Anglo-Saxon culture can be inhibited, and teasing is a disinhibited behavior, Keltner explains.
By contrast, in Mediterranean, African and Central American societies, which are much less restrained,
teasing is just part of the drama played out in everyday social life.
Indeed, teasing occupies a fine and fleeting line between aggression and play. The aggressive aspect of it
consists of criticism that threatens a person's "face," or desired social identity. But since the driving force
behind teasing is a yearning to maintain harmonious social relationships, teasers engage in redressive
action—they deploy humorous or playful tactics signaling that the criticism should not be taken as a
condemnation. Exaggerated tone of voice, elongated vowels, unusual facial expressions, a little laugh just
before or after the tease—a range of more or less subtle "paralinguistic" markers remind the teasee that
they are loved despite the flaw—and maybe even more for it.

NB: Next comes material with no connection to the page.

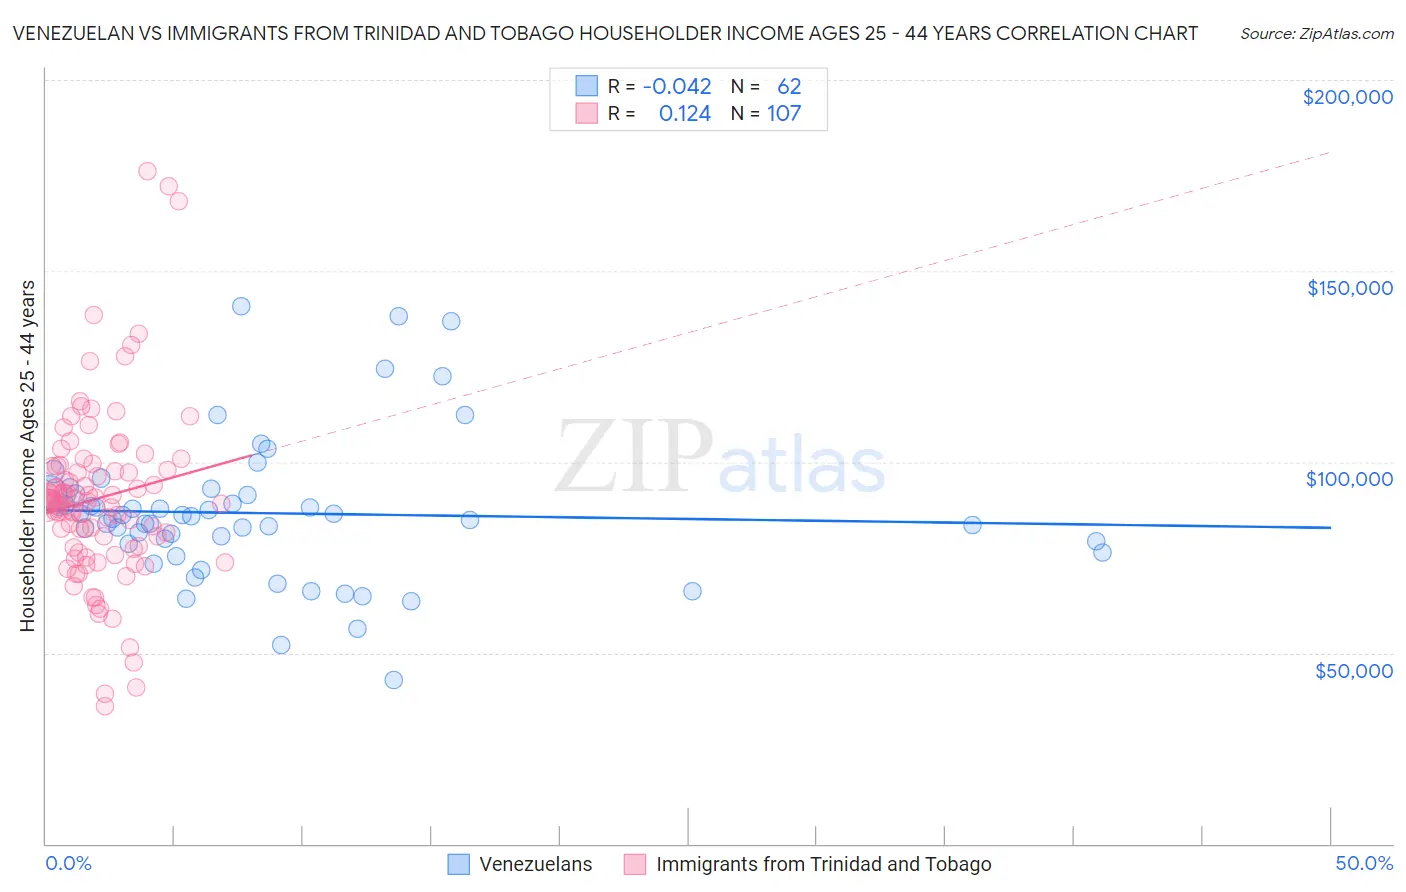 Venezuelan vs Immigrants from Trinidad and Tobago Householder Income Ages 25 - 44 years
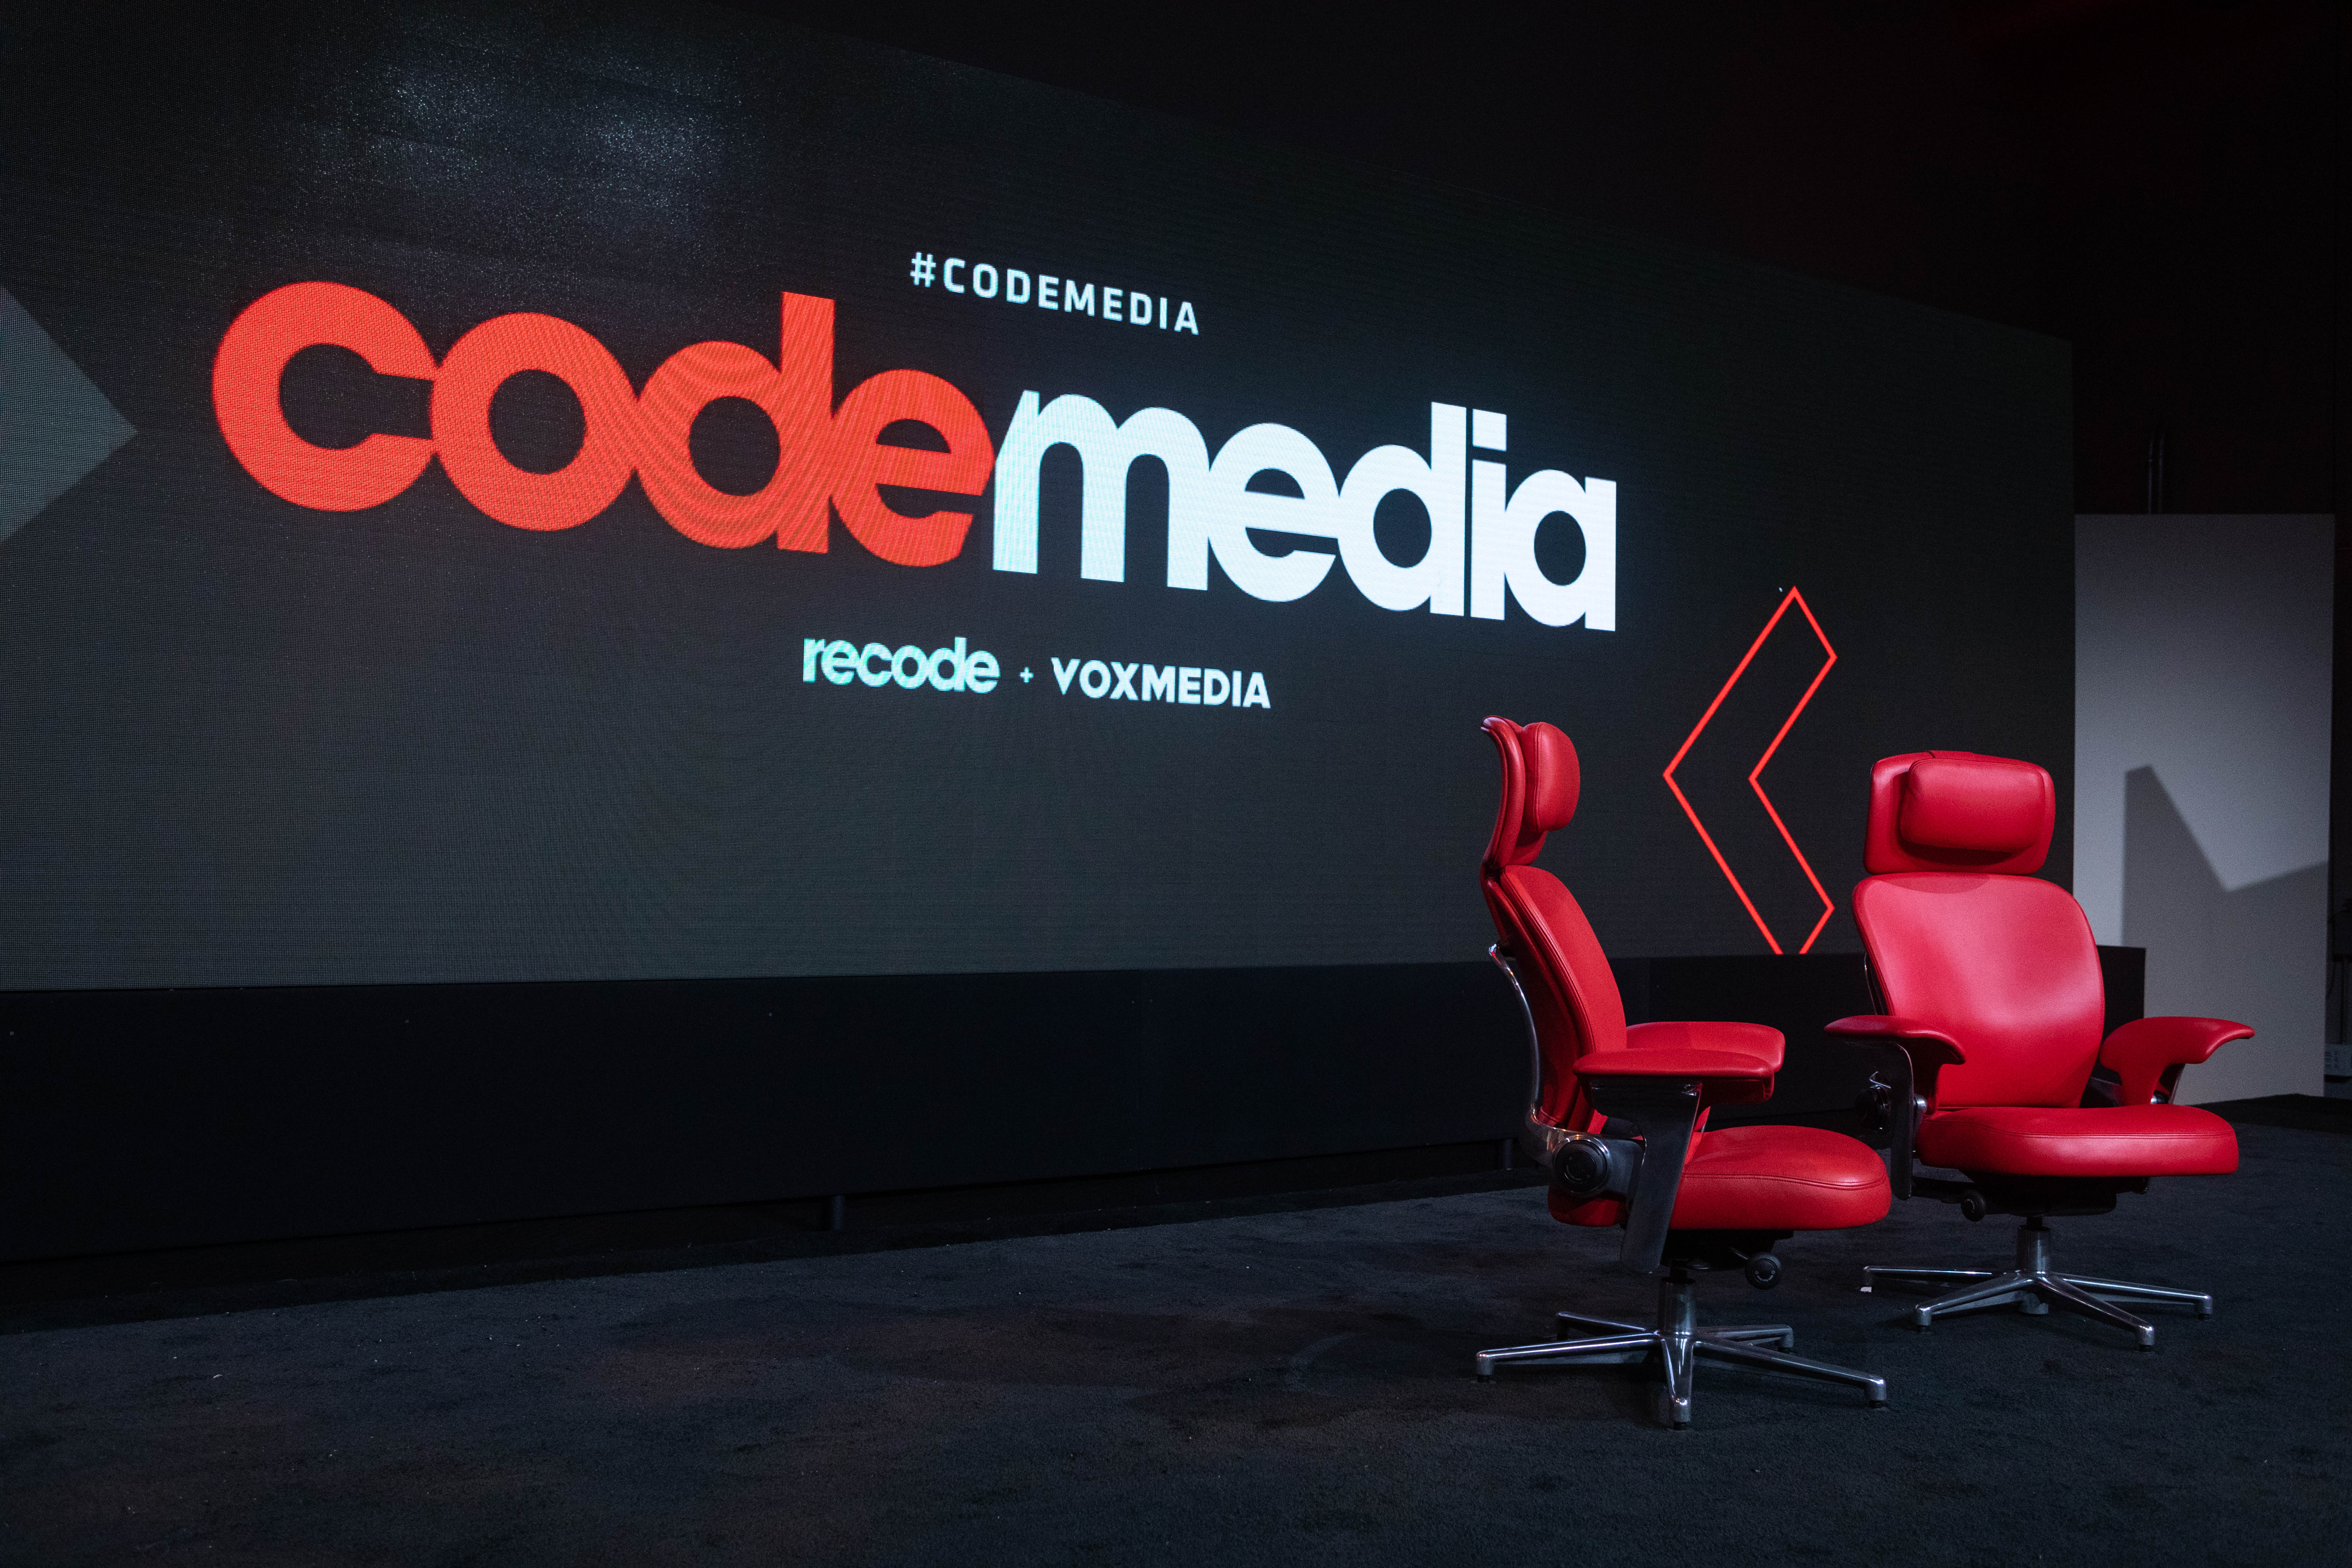 The red chairs on the Code Media 2019 stage.

The more satisfied couples are with their relationship, the more playful their signs and signals: coy smiles,
the sticking out of the tongue, laughter, bizarre facial expressions, unusual voice inflection and physical
touching wrapped around the aggressive core of the tease. Both partners feel more positive emotion after
poking fun, says Keltner. Indeed, what is flirtation but a series of teases?
But men and women may respond differently to this form of play: Women tend to get hurt by the pinch, while
their partners become more aroused. "Men always find ambiguous social stimuli more sexually suggestive
than women do," explains Keltner. "What's more, teasing has an affiliative component, which men interpret
as a sign of sexual interest." It may be that men are just more used to teasing, as they tend to tease more
throughout the course of life. At the same time, women seem to have a stronger emotional reaction to
potentially hostile stimuli.
Nonetheless, the sexes cling to the same themes as they taunt, with women focusing on personal habits
and sexual issues—especially their partner's sexual readiness and excessive desire—and men on their
partner's physical characteristics.
Despite its potential for misuse, poking fun in fact oxygenates social life. As it is strategically ambiguous and
based on the assumption that individuals are close enough to tease, it gives relationships breathing room—
especially around potentially troublesome issues—while simultaneously deepening the intimacy of the
relationship. Teasing's side effect—shared laughter—brings loved ones even closer.